Given these facts, the last thing Egypt needs at the moment is coal-fuelled cement production, particularly because that industry is locally known for its lax emission control and inefficient use of power. Along with cement industry, the fertilizer sector is also one of the top consumers of natural gas as fuel and, mainly, as a raw material. Both industries are serious hazards to environment and heavy burdens on the energy efficiency scheme.

The controlled use of coal in power production is not an impossible concept to apply and it has already been executed in several cases in the Western world. Yet, the Egyptian cabinet’s promise to apply “the latest technologies” to regulate coal emissions rings hollow, considering the state track record and the cost involved. America’s first “clean coal” power plant, designed to capture carbon emissions and stash them safely underground, costed USD 5 billion. Although Egypt would be using coal on a smaller scale, the “latest technologies” may translate into whatever the cement plants can get away with.

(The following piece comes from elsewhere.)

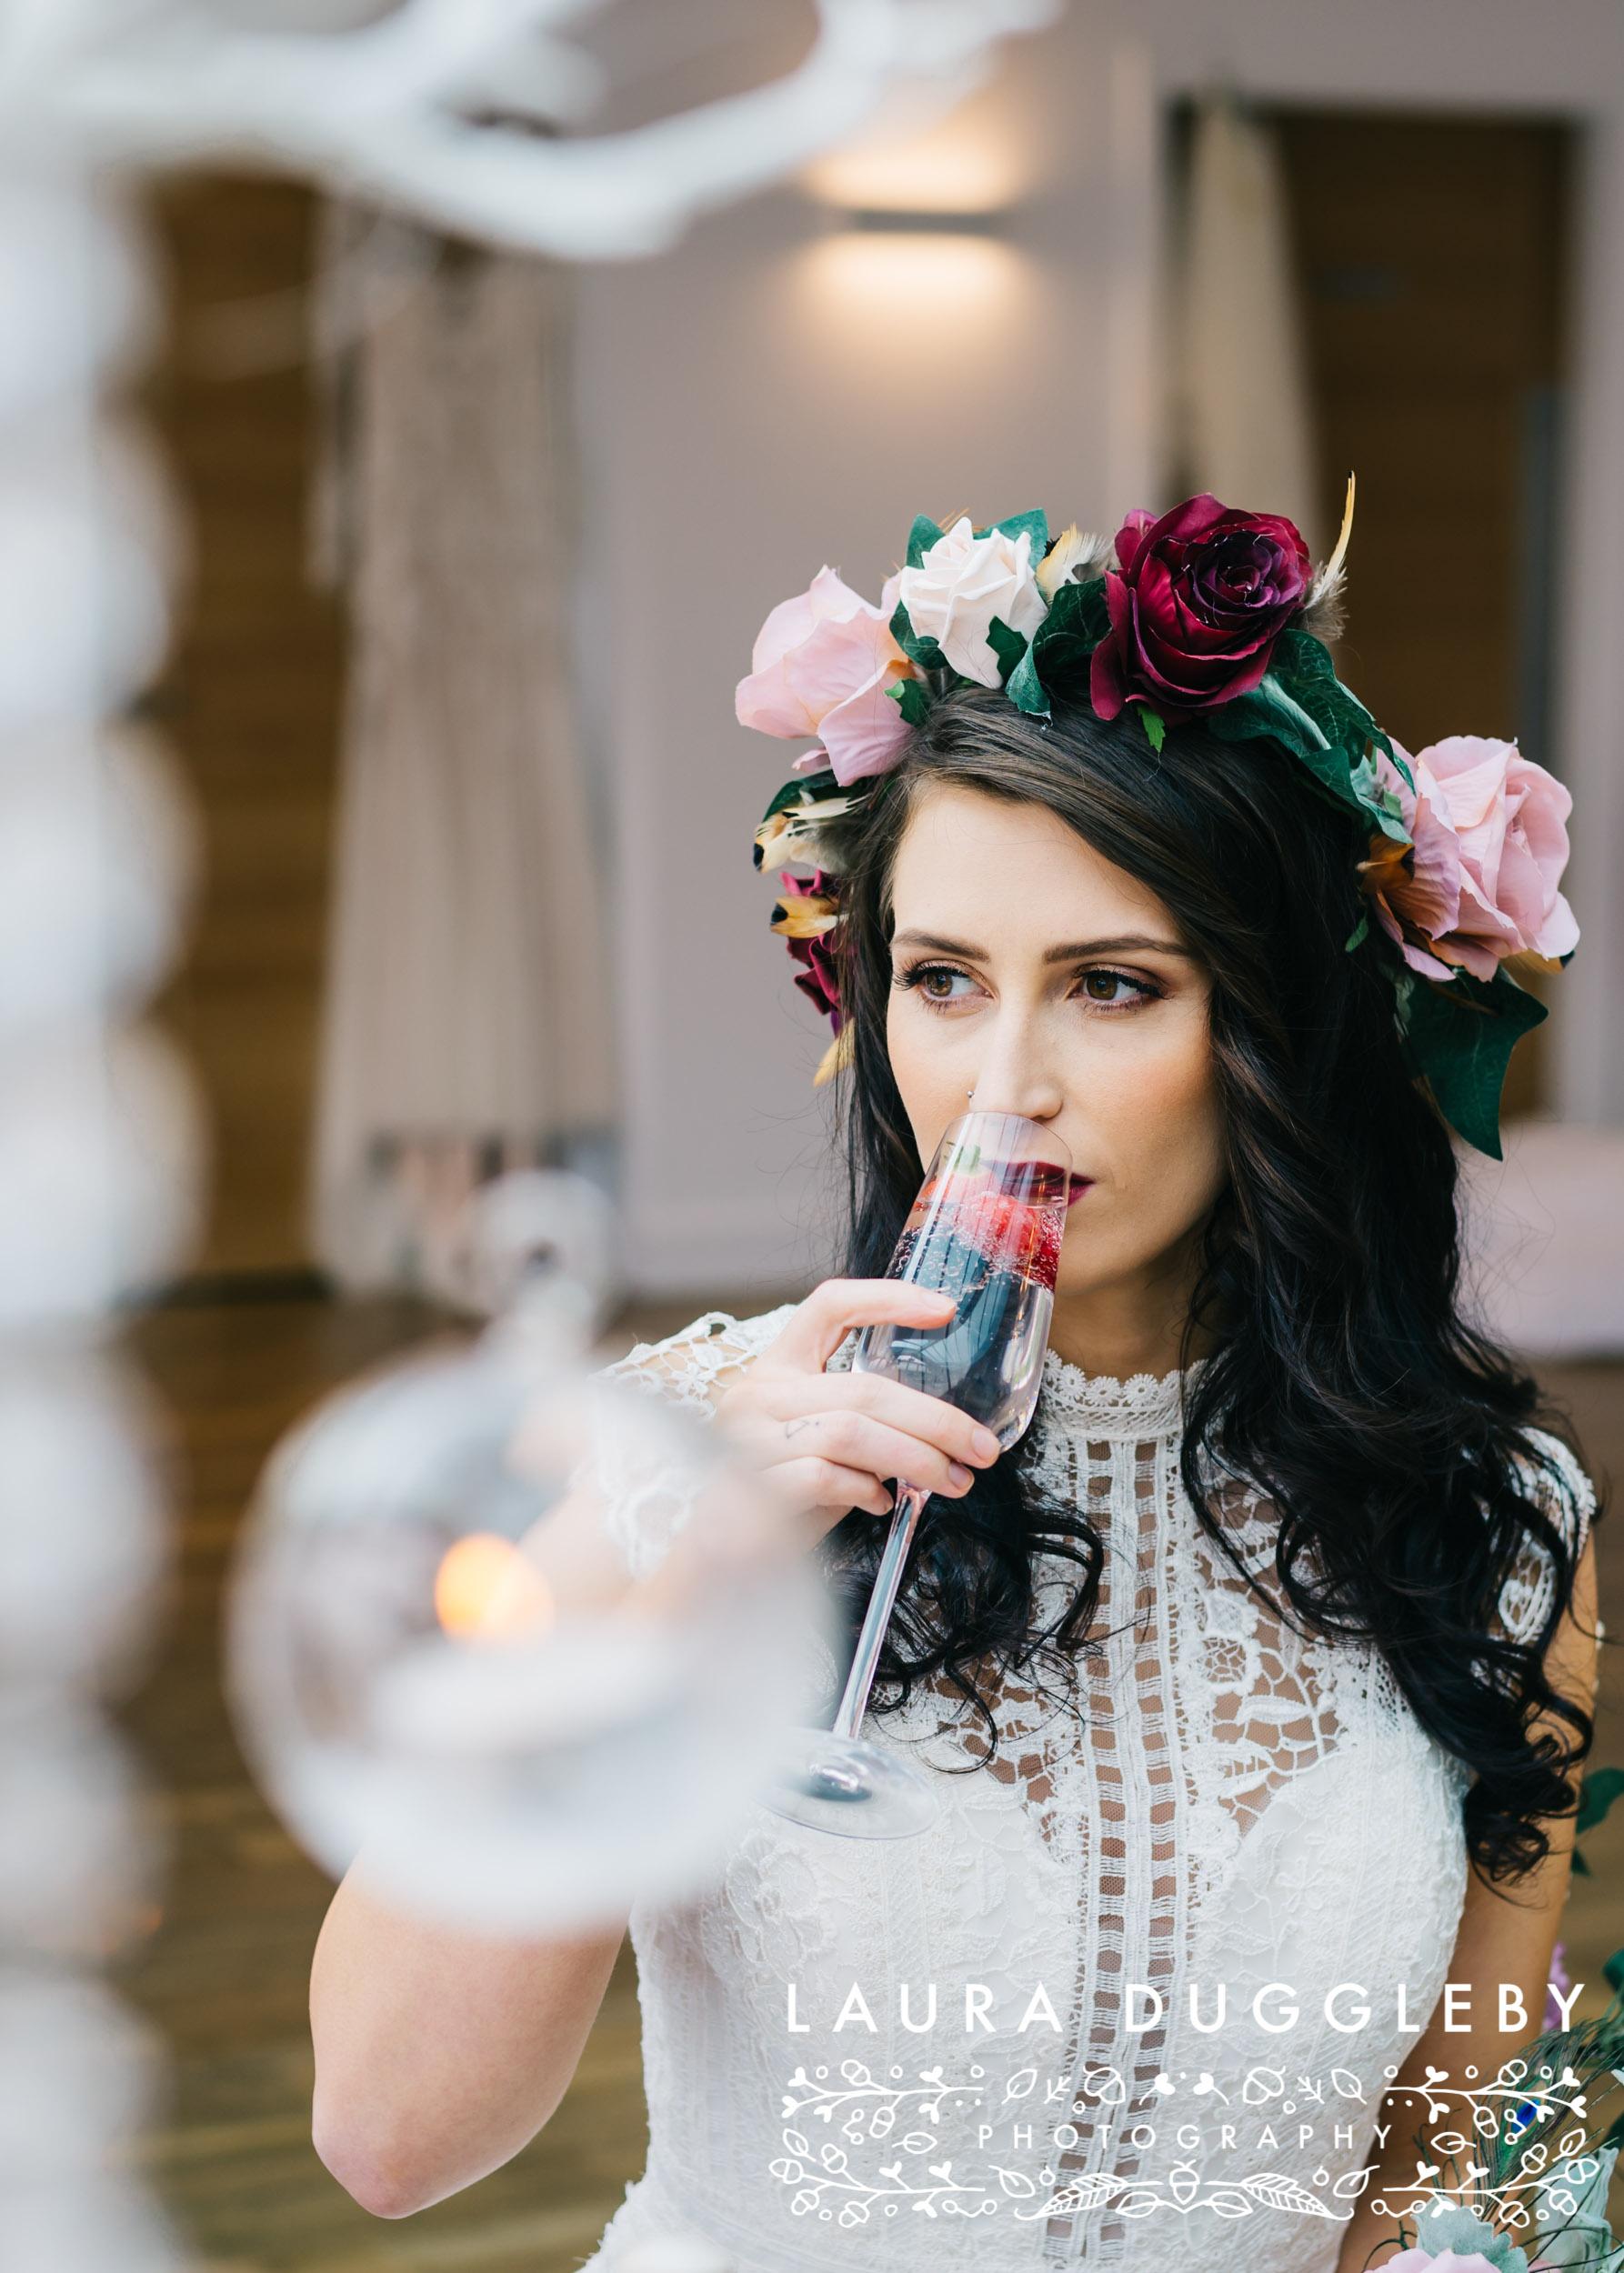 Thornton Hall Country Park - Wedding Photographer16

It is very important to point out that, according to the Egyptian Environmental Affairs Agency, the country’s cement factories use up to 34% more energy than comparable plants in Europe. Allowing the industry to purchase its own coal may reduce the burden on the electricity grid in the short term, but it fails to address the greater problem of delivering an adequate power supply. Egypt’s Minister of Environmental Affairs and several environment-related NGOs have openly opposed coal imports while proposing the development of alternative energy sources.

In spite of burgeoning population growth and ever-increasing energy demand, Egypt’s administrators have yet to work cooperatively towards viable, comprehensive solutions to the energy crisis.